I agree. TLS should be seen more like .bss/.data rather than something that is allocated
with malloc().

If we leak memory via TLS that is a glibc bug that we can deal with, but making it easier
to find glibc bugs is also a  benefit to the community, but not as valuable a benefit as
making TLS correctly async-signal safe.

Likewise we need to discuss when the memory is allocated, regardless of which allocator is
used, including allocation up-front at dlopen() time. 
> [1] https://sourceware.org/pipermail/libc-alpha/2014-January/047931.html
>

* Carlos O'Donell:

> I agree. TLS should be seen more like .bss/.data rather than something
> that is allocated with malloc().

There wasn't consensus regarding this in 2014.  See below.

> If we leak memory via TLS that is a glibc bug that we can deal with,

This is something that libgcc_s.so.1 does in GCC 14 if the heap
trampolines are used.

> but making it easier to find glibc bugs is also a benefit to the
> community, but not as valuable a benefit as making TLS correctly
> async-signal safe.
>
> Likewise we need to discuss when the memory is allocated, regardless
> of which allocator is used, including allocation up-front at dlopen()
> time.
>> [1] https://sourceware.org/pipermail/libc-alpha/2014-January/047931.html

The change conflated multiple issues: sanitizer support,
async-signal-safe TLS access, and eager allocation of all TLS-related
memory, so that subsequent accesses cannot fail.  My impression was the
main point of contention was eager allocation because it was perceived
as a breaking semantic change.  Nowadays, as long as we are willing to
maintain both allocator variants, we could offer a choice between them
controlled by a tunable.  For sanitizer compatibility, we could perform
eager allocation using malloc.  It's probably a good idea to do it this
way anyway because a separate mmap-based allocator would increase TLB
pressure.

Thanks,
Florian

> On 15 Jan 2024, at 15:35, Florian Weimer <fweimer@redhat.com> wrote:
> 
> * Carlos O'Donell:
> 
>> I agree.
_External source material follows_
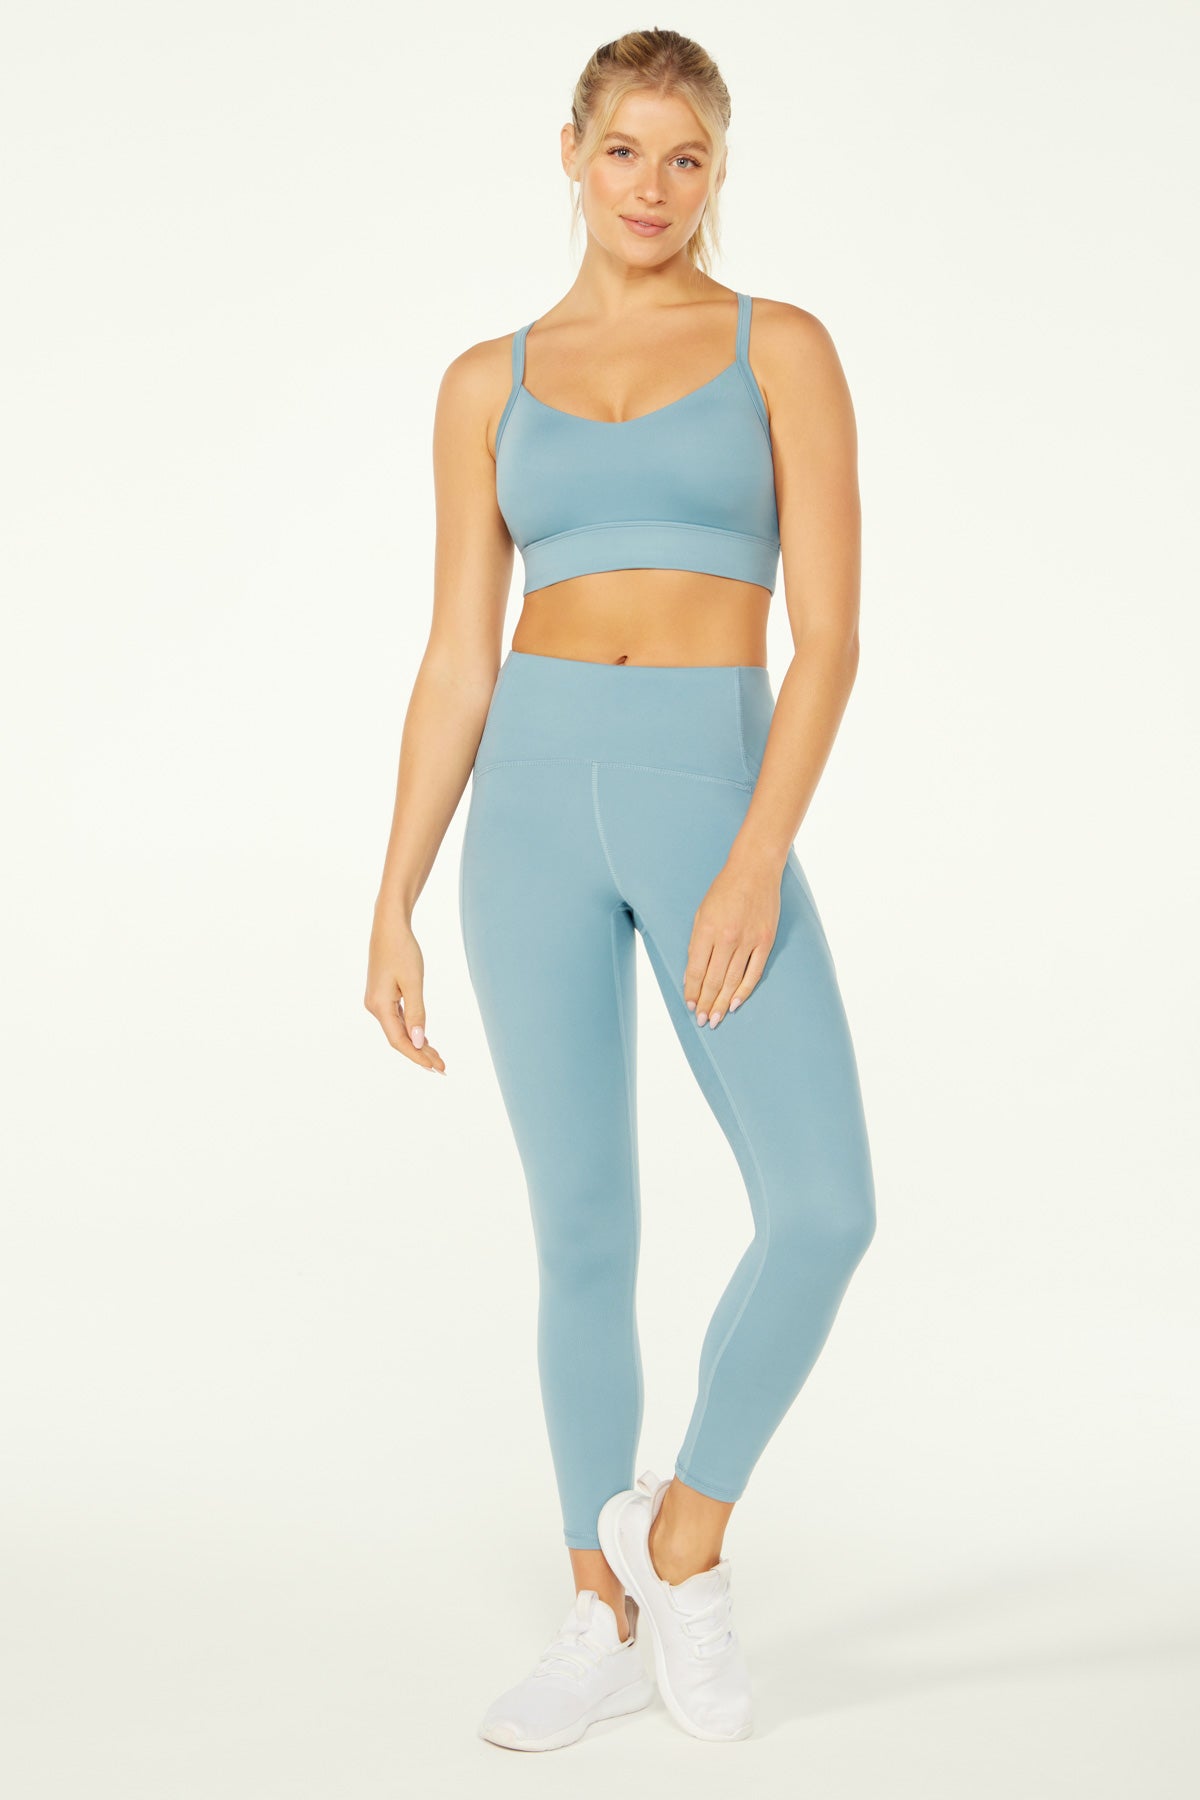 OBEEII Yoga Outfit For Women 3 Pieces Set Sports Bra Fashion Yoga Outfit  Casual Sports Wear S Light Blue

TLS should be seen more like .bss/.data rather than something
>> that is allocated with malloc().
> 
> There wasn't consensus regarding this in 2014.  See below.
> 
>> If we leak memory via TLS that is a glibc bug that we can deal with,
> 
> This is something that libgcc_s.so.1 does in GCC 14 if the heap
> trampolines are used.

Is there a GCC BZ for this?
(if there is something we should address in GCC, it would be better sooner)

Iain


>> but making it easier to find glibc bugs is also a benefit to the
>> community, but not as valuable a benefit as making TLS correctly
>> async-signal safe.
>> 
>> Likewise we need to discuss when the memory is allocated, regardless
>> of which allocator is used, including allocation up-front at dlopen()
>> time.
>>> [1] https://sourceware.org/pipermail/libc-alpha/2014-January/047931.html
> 
> The change conflated multiple issues: sanitizer support,
> async-signal-safe TLS access, and eager allocation of all TLS-related
> memory, so that subsequent accesses cannot fail.  My impression was the
> main point of contention was eager allocation because it was perceived
> as a breaking semantic change.  Nowadays, as long as we are willing to
> maintain both allocator variants, we could offer a choice between them
> controlled by a tunable.  For sanitizer compatibility, we could perform
> eager allocation using malloc.  It's probably a good idea to do it this
> way anyway because a separate mmap-based allocator would increase TLB
> pressure.
> 
> Thanks,
> Florian
>

On Mon, 15 Jan 2024, Florian Weimer via Gcc wrote:

> The change conflated multiple issues: sanitizer support,
> async-signal-safe TLS access, and eager allocation of all TLS-related
> memory, so that subsequent accesses cannot fail.  My impression was the
> main point of contention was eager allocation because it was perceived
> as a breaking semantic change.  Nowadays, as long as we are willing to
> maintain both allocator variants, we could offer a choice between them
> controlled by a tunable.  For sanitizer compatibility, we could perform
> eager allocation using malloc.  It's probably a good idea to do it this
> way anyway because a separate mmap-based allocator would increase TLB
> pressure.

Related to eager allocation is the question of whether libgcc_s.so.1 
should be loaded unconditionally by glibc at startup - doing so has much 
the same motivation (avoiding subsequent failures from interfaces that 
don't have any good way to signal failure, when glibc currently loads 
libgcc_s.so.1 dynamically), but also no doubt compatibility risk.

* Iain Sandoe:

>> On 15 Jan 2024, at 15:35, Florian Weimer <fweimer@redhat.com> wrote:
>> 
>> * Carlos O'Donell:
>> 
>>> I agree. TLS should be seen more like .bss/.data rather than something
>>> that is allocated with malloc().
>> 
>> There wasn't consensus regarding this in 2014.  See below.
>> 
>>> If we leak memory via TLS that is a glibc bug that we can deal with,
>> 
>> This is something that libgcc_s.so.1 does in GCC 14 if the heap
>> trampolines are used.
>
> Is there a GCC BZ for this?
> (if there is something we should address in GCC, it would be better sooner)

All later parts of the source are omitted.